Q: The move from S&P is basically helping political movements in the Congress and Senate?

PETER COHAN: Yes—the announcement helps put pressure on both sides to solve the deficit and debt problem. The drop in the 10 year yield is a signal, as I noted above that investors expect the risk of a U.S. ratings downgrade to boost the odds that a solution will be reached.

DAVID CAPLOE: As I said, I actually think it’s going to make things worse. It’s going to convince each side that it’s the fault of the other side that things are so bad. In this case, there’s no question in my view the Republicans are operating from a fundamentally extreme right-wing position that either can’t or refuses to see any sort of larger picture. As long as they continue with their myopia regarding taxes, the stalemate seems likely to continue since, despite their pathetic weakness, the Democrats — who seem in their final throes of a descent into irreversible irrelevance — can’t give up on their minimal baseline without losing any credibility with their base for 2012. So even if the idea is to put pressure on Congress, I don’t think it’s going to work — especially since the AAA rating has been retained, at least for now.

Q: Which outcomes we can expect from Chinese, Japanese investors in US sovereign?

PETER COHAN: The market’s reaction suggests that Chinese and Japanese investors are going to see U.S. government securities as more attractive because the fear of a downgrade will boost the odds of stronger U.S. financial condition. Thus, the U.S.’s role as a safe haven will be reinforced.

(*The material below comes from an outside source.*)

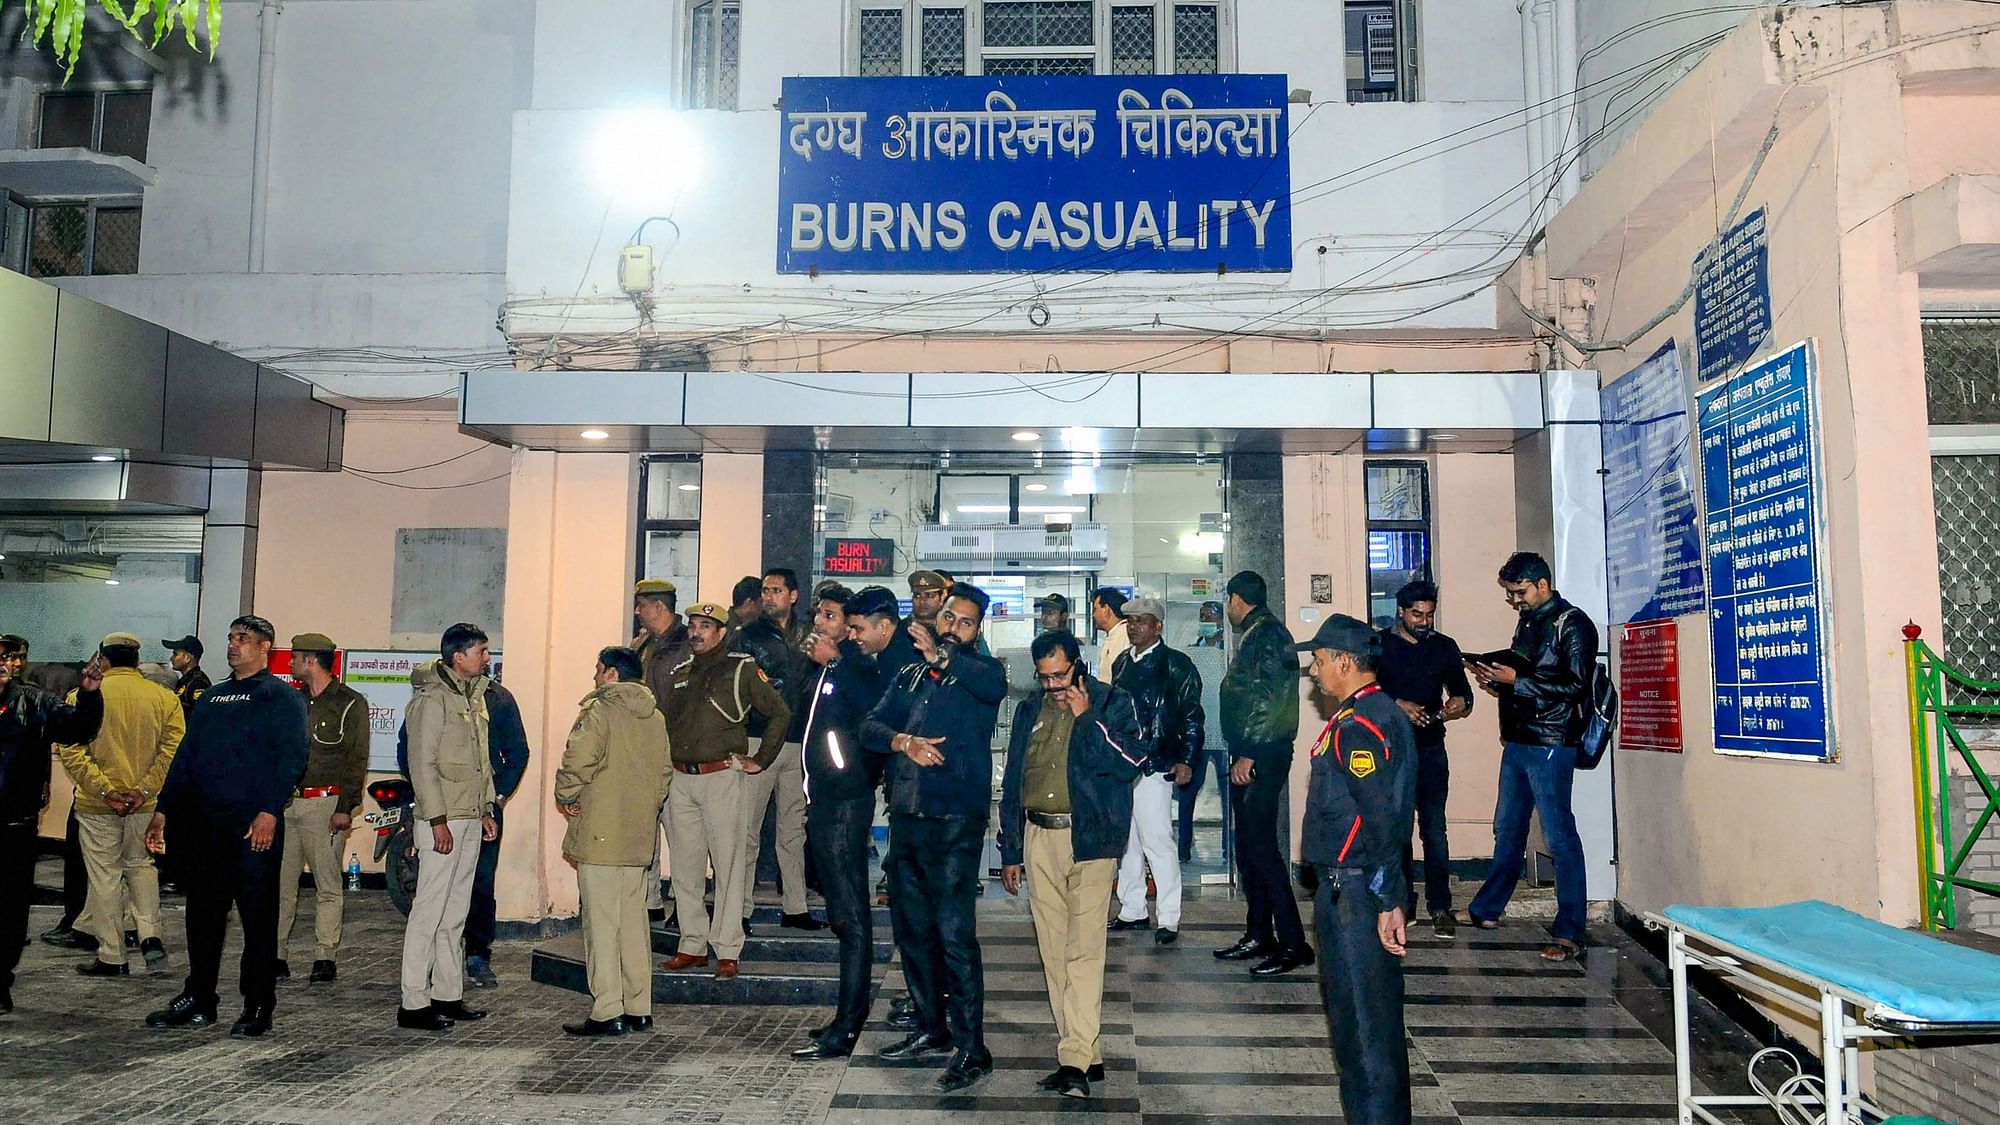 The five men arrested for allegedly setting aflame the Unnao rape survivor were on Friday produced before a court in Unnao and remanded in 14-day judicial custody.

DAVID CAPLOE: Well, that’s always an open question, but I don’t think either the Chinese or Japanese are going to stampede out of US bonds, albeit for different reasons. As you know, the yen shot up right after the tsunami, on anticipation of massive yen repatriation for re-building. But as soon as there was an intervention, the yen fell back again, which I think says the Japanese realize they are in for a long haul, and will need the goodwill of the US to have a prayer of getting back on their feet. Therefore, I don’t think they are going to want to alienate Americans over a few basis points, especially given their own weakness, both since 1989 and most recently. The Chinese also tend to be very patient in their dealings with external sovereign debt, so I don’t think they’re going to be stampeding either. The US pessimists argue they will soon use their dollar liquidity to purchase American assets, which may or may not happen. But the Chinese know they benefit greatly from the structural dynamics of the current world political economy, in some ways more than any other country, so I don’t think they’re going to do anything to jeopardize the current system.